Кстати, когда была принята Резолюция Совета Безопасности ООН 1929, последняя в серии санкционных резолюций, применявших принудительные меры по смыслу Главы VII Устава ООН к Ирану, мы четко дали понять в закрытом режиме коллегам из США и ЕС, что больше Россия ни одну санкционную резолюцию в отношении Ирана не пропустит. Наверное, понимая серьезность такого рода сигналов, Вашингтон и Брюссель перешли на путь односторонних противоправных санкций, нанося тем самым удар за ударом по устоявшейся системе международных отношений, по международно-правовой доктрине. Но это их осознанный выбор, которому коллеги в США, НАТО и ЕС следуют давно, который стал практически воплощаться еще в 1999 г. с началом агрессии против Югославии. Все меньше сдержек, все меньше желания играть по правилам. Все больше стремления выстраивать мир под себя. Значит, так сложилось. Таковы выводы, которые «мнящие себя победителями в холодной войне» сделали из произошедшего. Это тоже получило полное воплощение в иранской политике США и ЕС. Хорошо, что в конечном итоге удалось в какой-то мере выправить этот перекос «на иранском материале», да простят меня присутствующие здесь коллеги из Посольства ИРИ.
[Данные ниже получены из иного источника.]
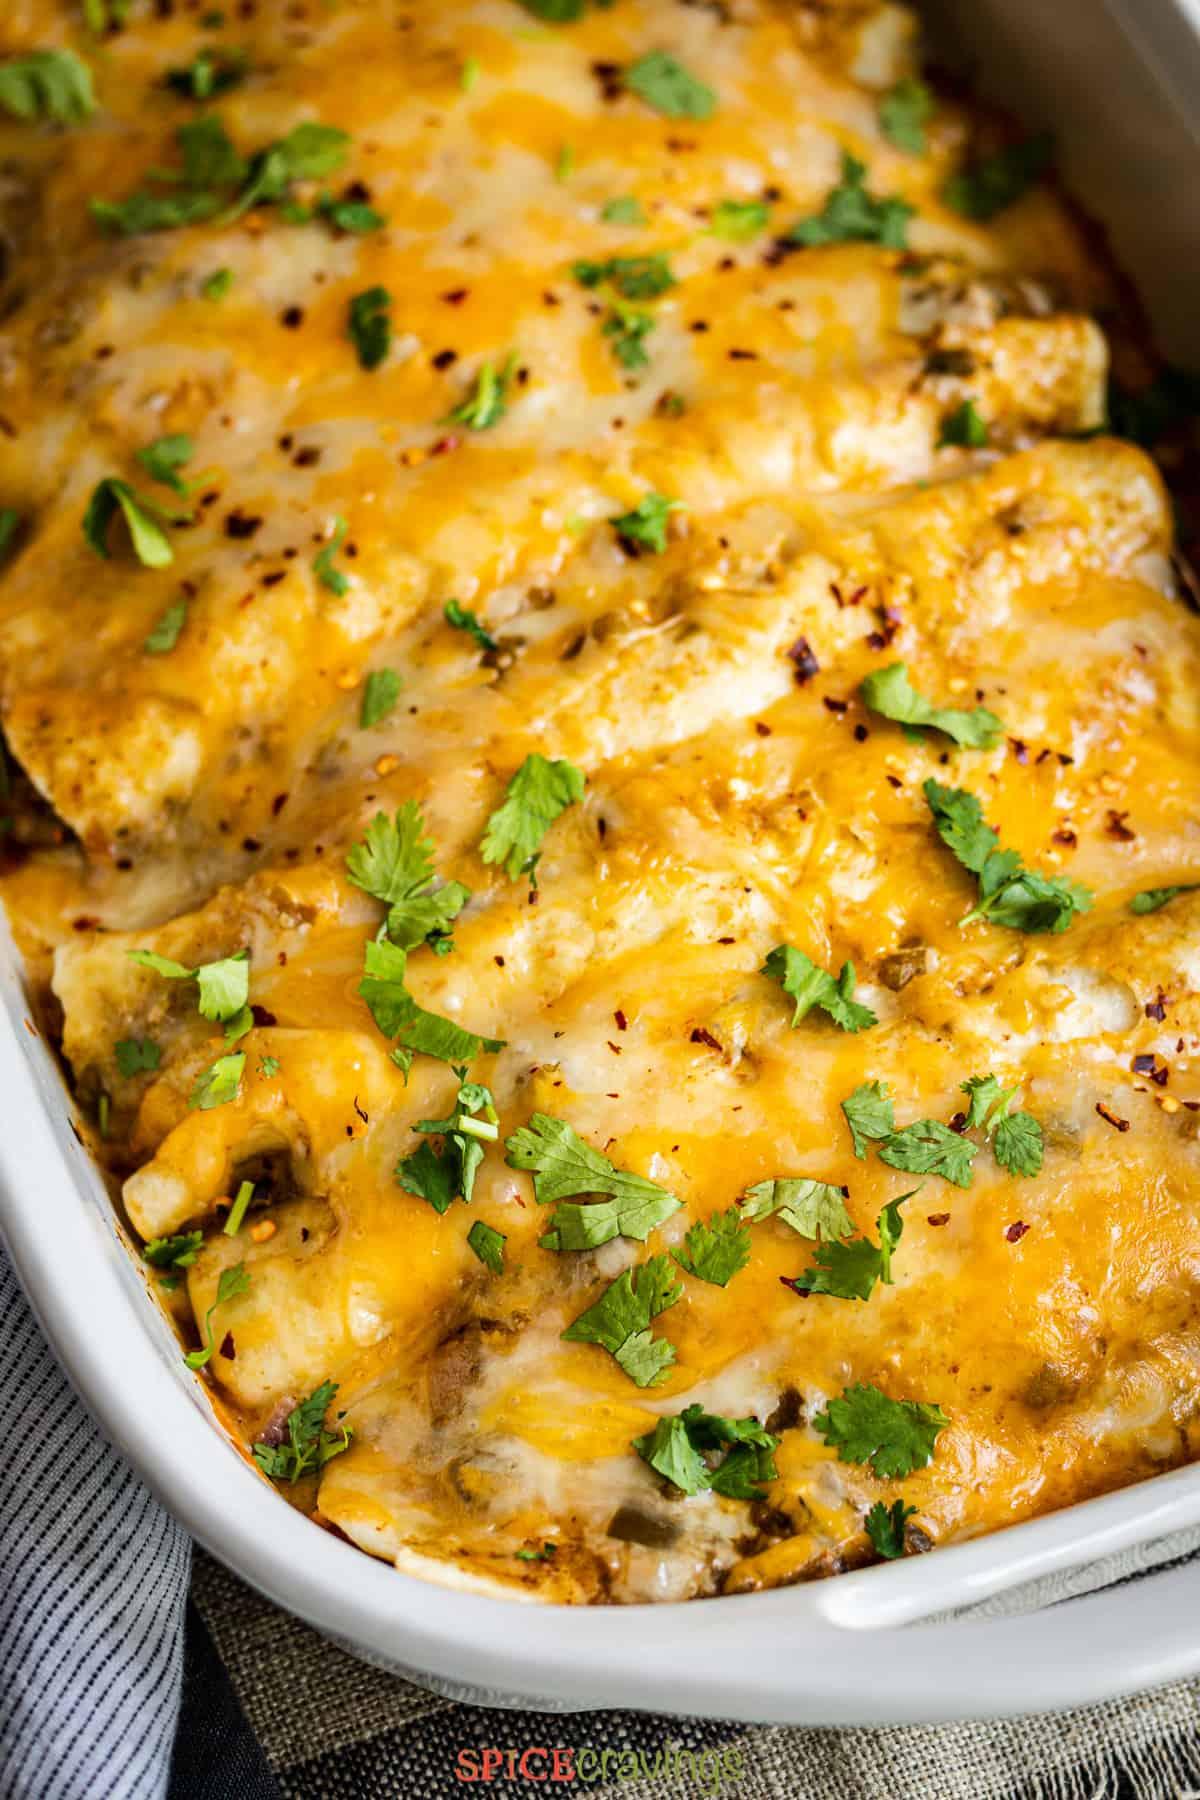 green chile chicken enchiladas in white casserole dish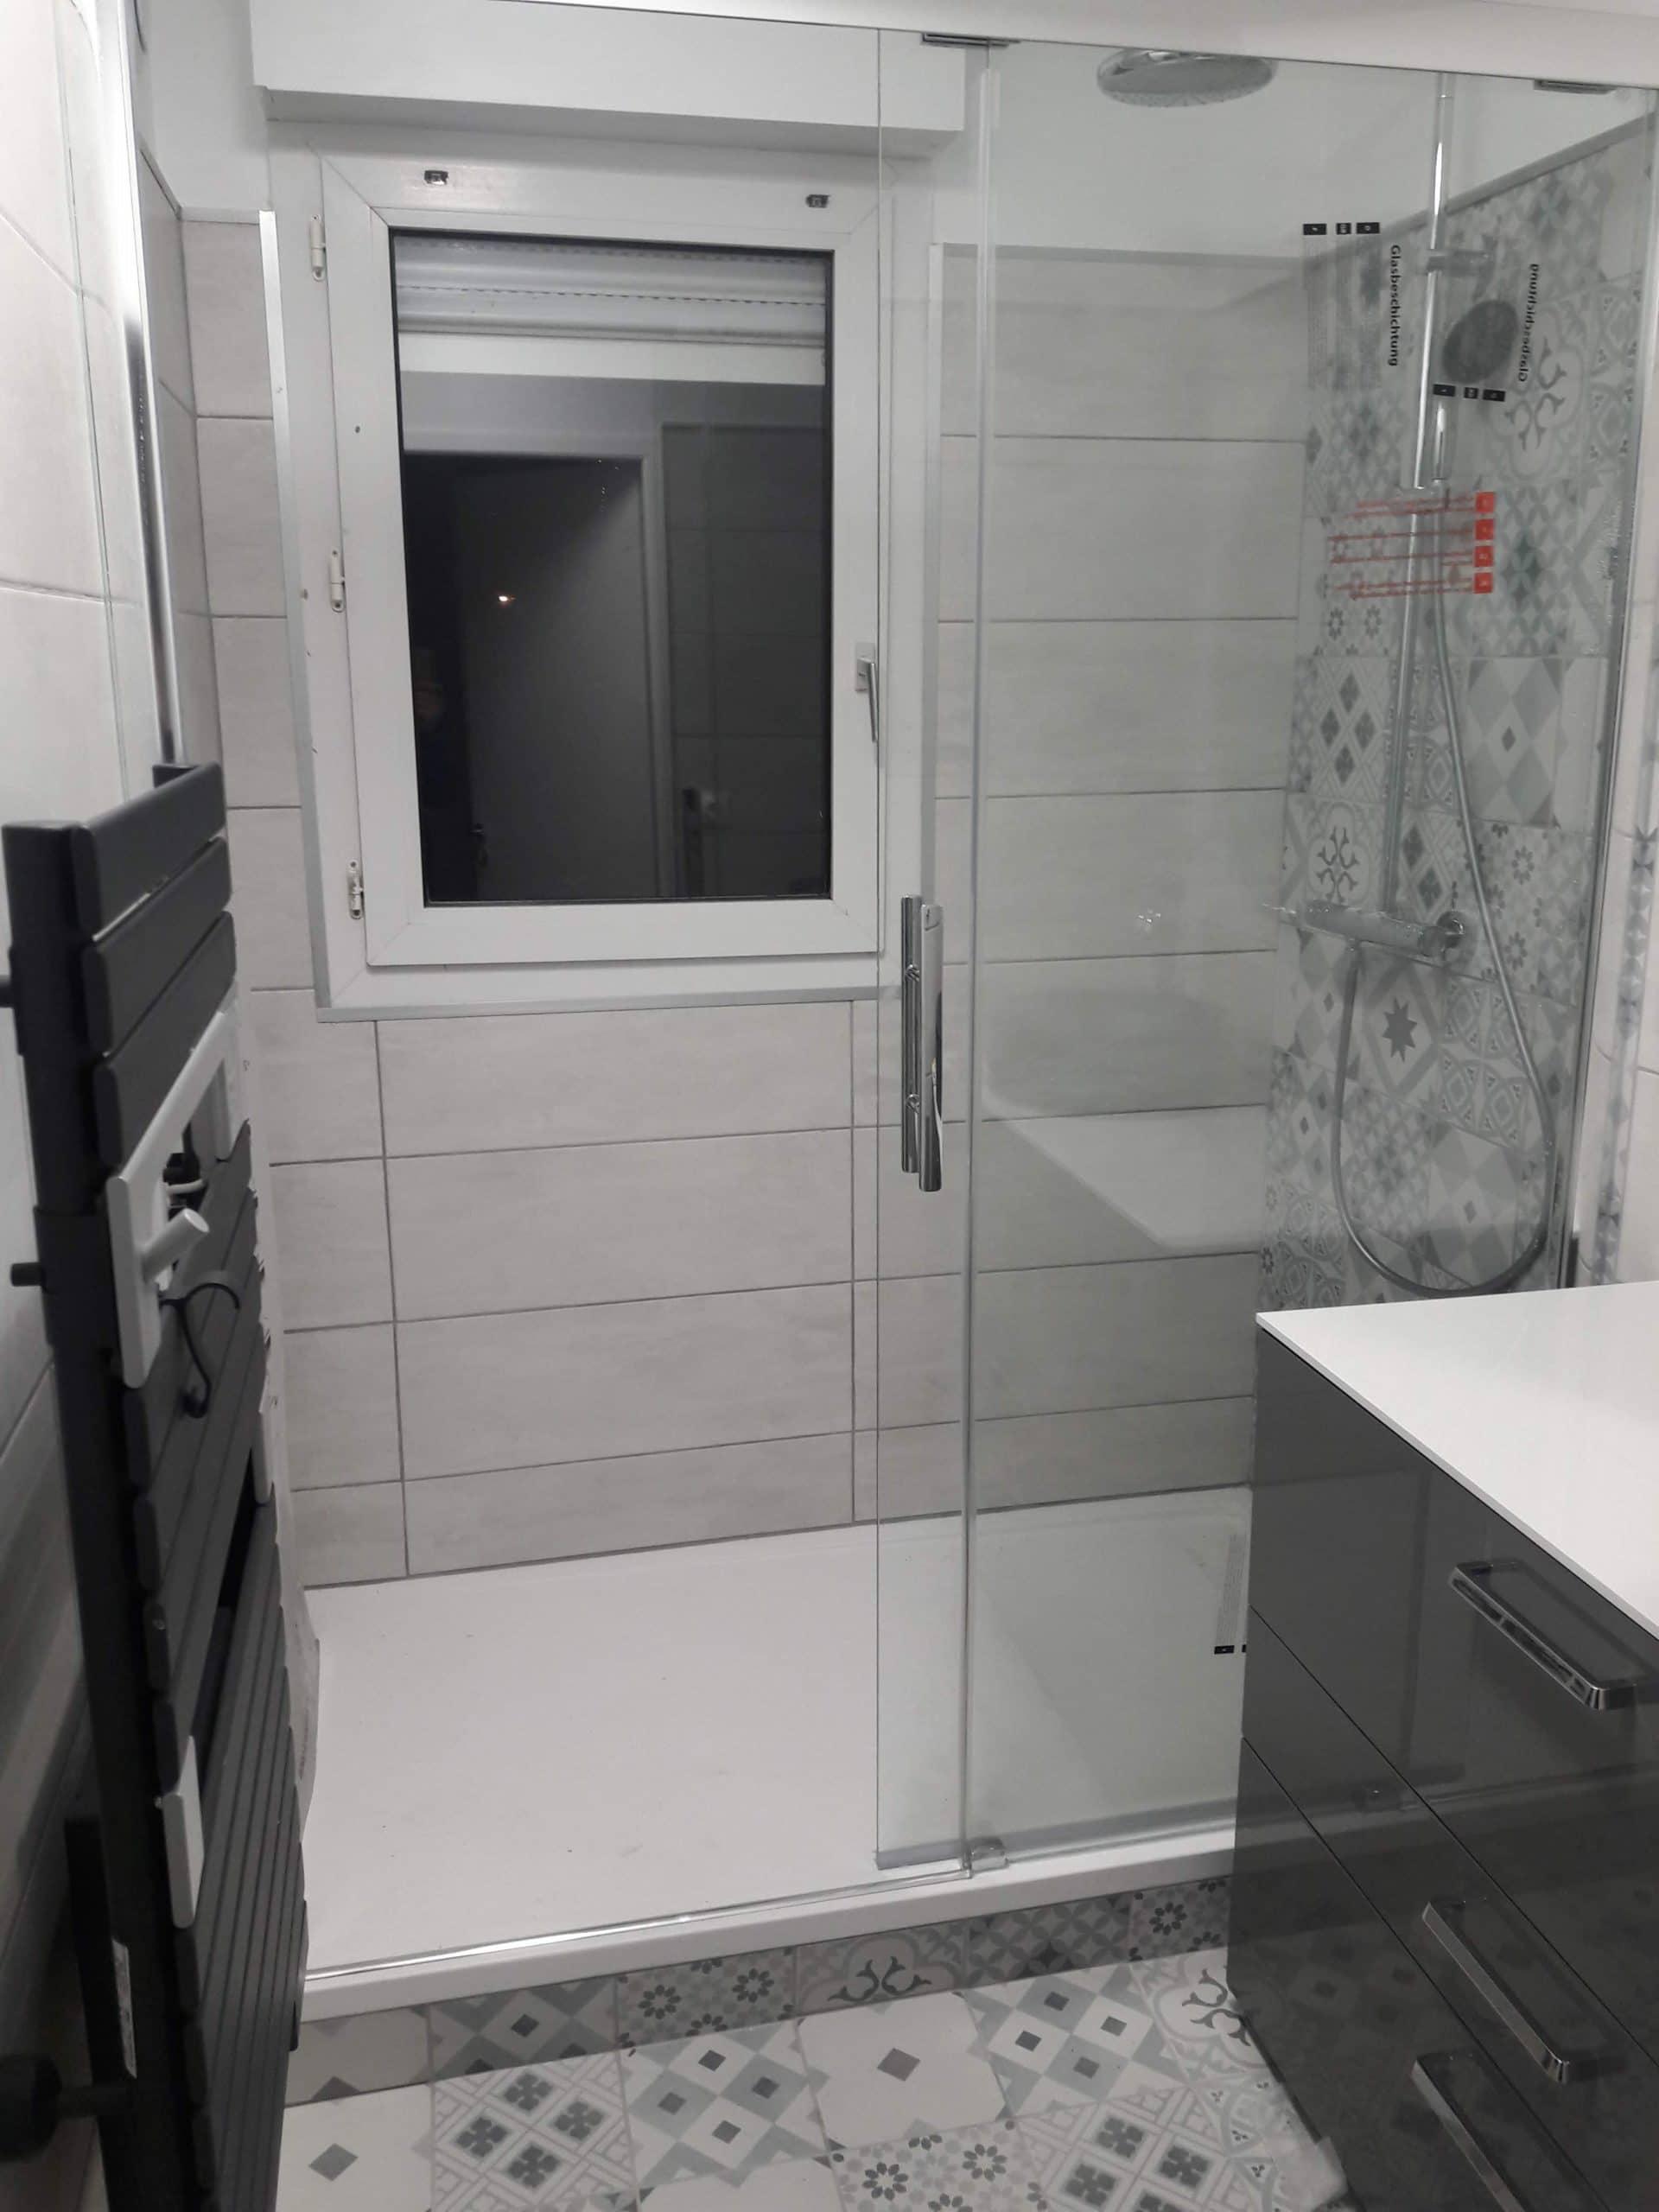 Rénovation de salle de bain à Roubaix (59)

А.Хлопков: Спасибо, Сергей Алексеевич. Коллеги, у вас теперь есть возможность задать вопросы заместителю министра иностранных дел.

С.Ознобищев: Сергей Алексеевич, почему именно сейчас стала возможна сделка? Все стороны стали мудрее? И второй вопрос: как бы Вы распределили слагаемые успеха? Чье участие было решающим?

С.Рябков: Я думаю, что «скучный» и правильный ответ был бы следующим: это результат коллективных усилий, где все стремились найти решение, и никто не был одержим идеей использовать переговоры как камуфляж или средство для достижения каких-то других целей.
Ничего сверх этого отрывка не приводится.